- **RAW DATA**
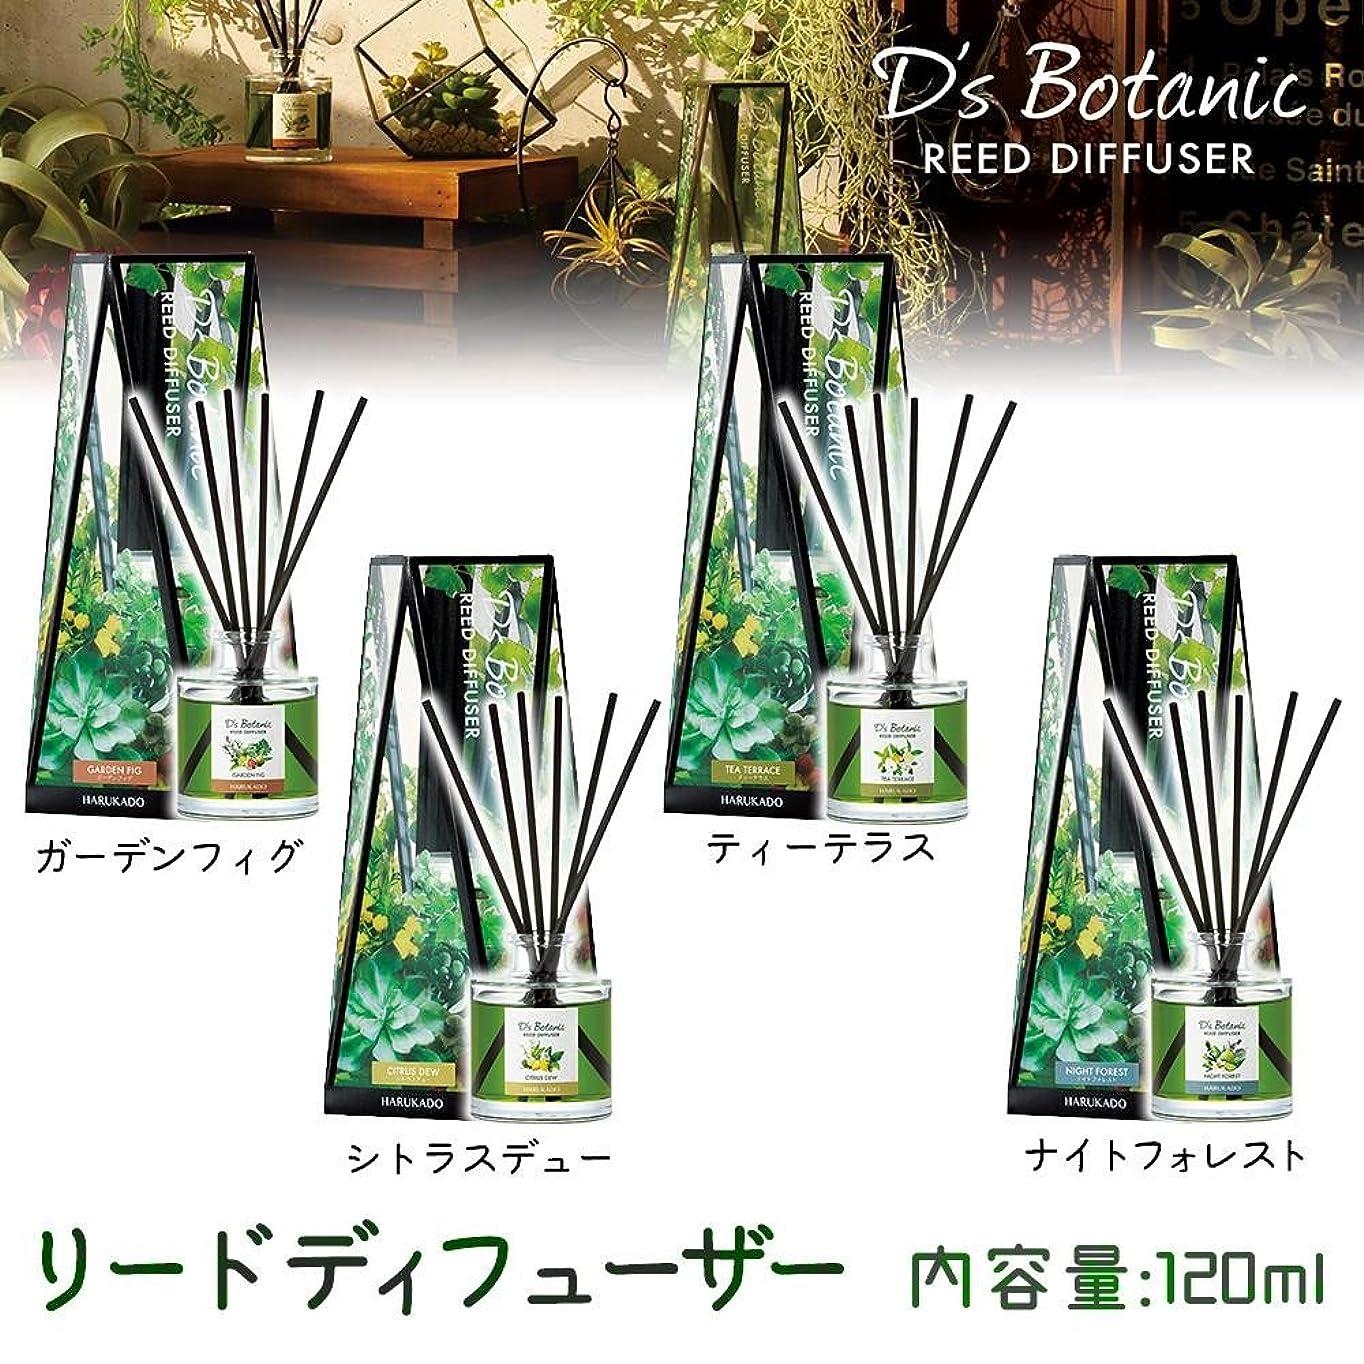 勝利した船尾学部長D'S Botanic(デイズボタニック) リードディフューザー ルームフレグランス 120ml シトラスデュー?6229【人気 おすすめ 】
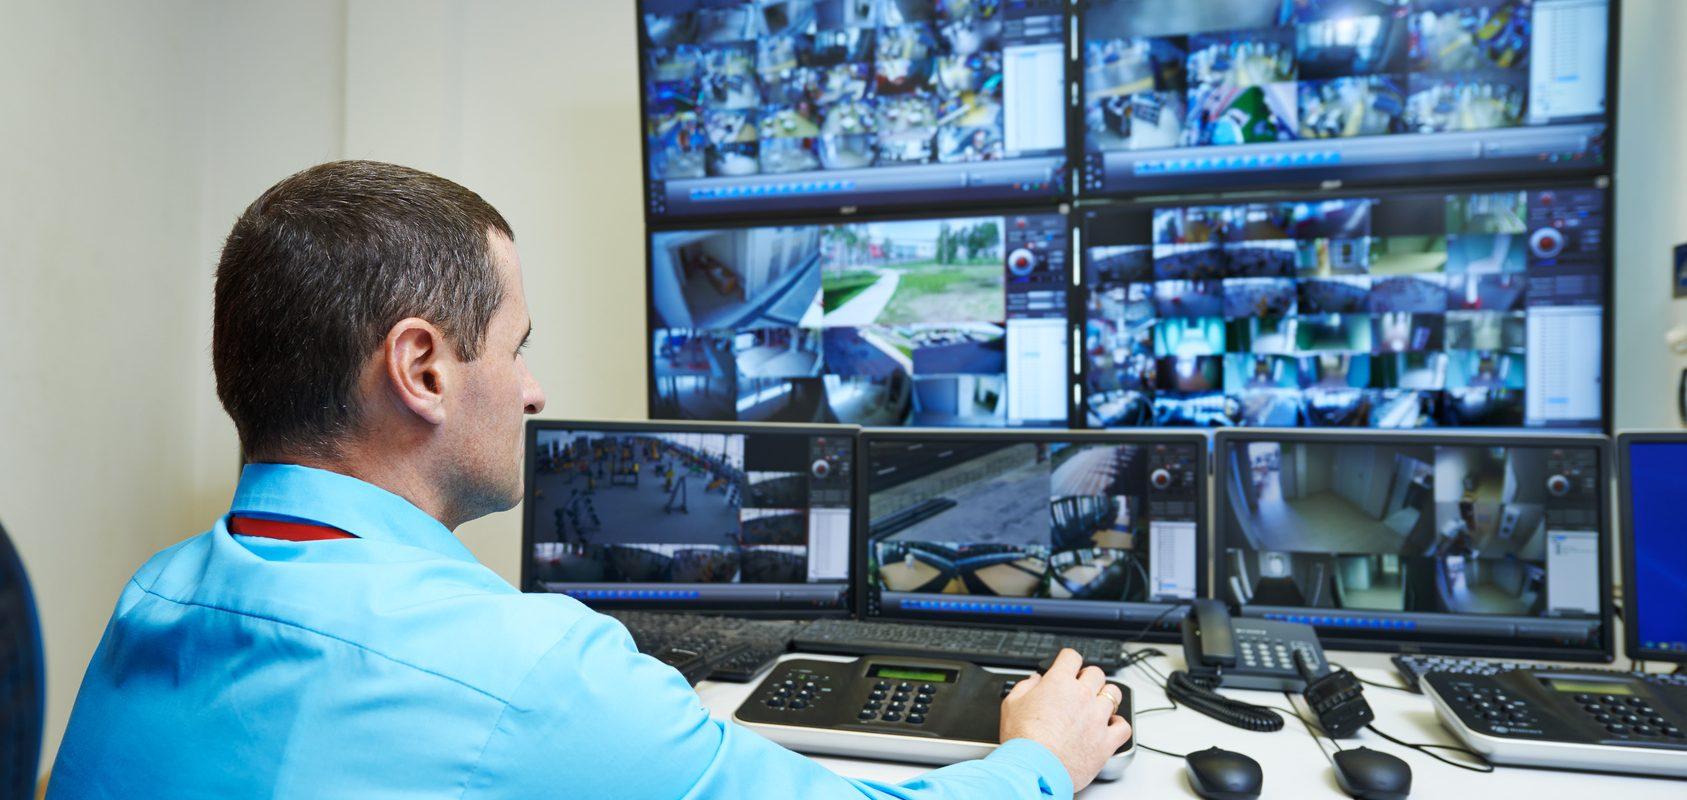 Охрана офисов и магазинов в Екатеринбурге
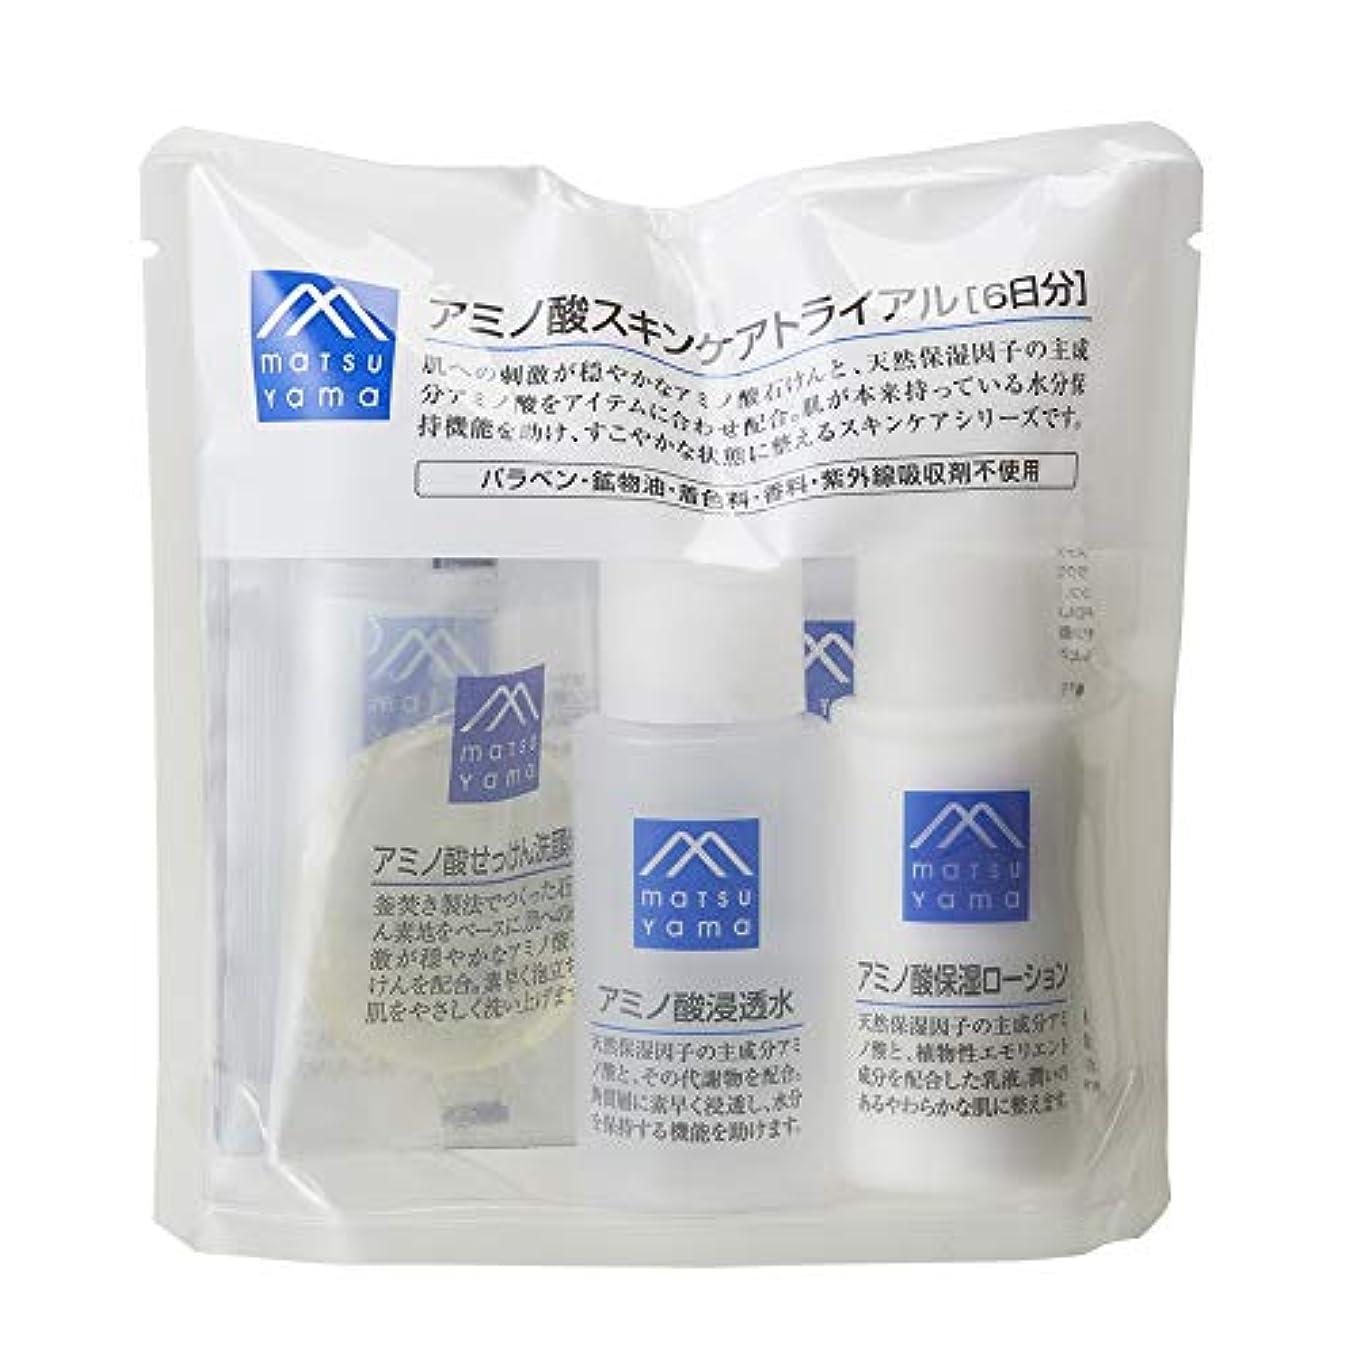 山積みの無実荒野Mマーク(M-mark) アミノ酸スキンケアトライアル セット アミノ酸せっけん洗顔料(枠練り石けん)標準重量12g×1個/アミノ酸せっけん洗顔フォーム(洗顔フォーム)2g×2包/アミノ酸浸透水(化粧水)30mL×1本/...

- **TASK INSTRUCTIONS**
Could you reproduce the listing above word for word while leaving out its pictures?

- **RESPONSE FOR THIS EXERCISE**
 勝利した船尾学部長D'S Botanic(デイズボタニック) リードディフューザー ルームフレグランス 120ml シトラスデュー?6229【人気 おすすめ 】
 Охрана офисов и магазинов в Екатеринбурге
 山積みの無実荒野Mマーク(M-mark) アミノ酸スキンケアトライアル セット アミノ酸せっけん洗顔料(枠練り石けん)標準重量12g×1個/アミノ酸せっけん洗顔フォーム(洗顔フォーム)2g×2包/アミノ酸浸透水(化粧水)30mL×1本/...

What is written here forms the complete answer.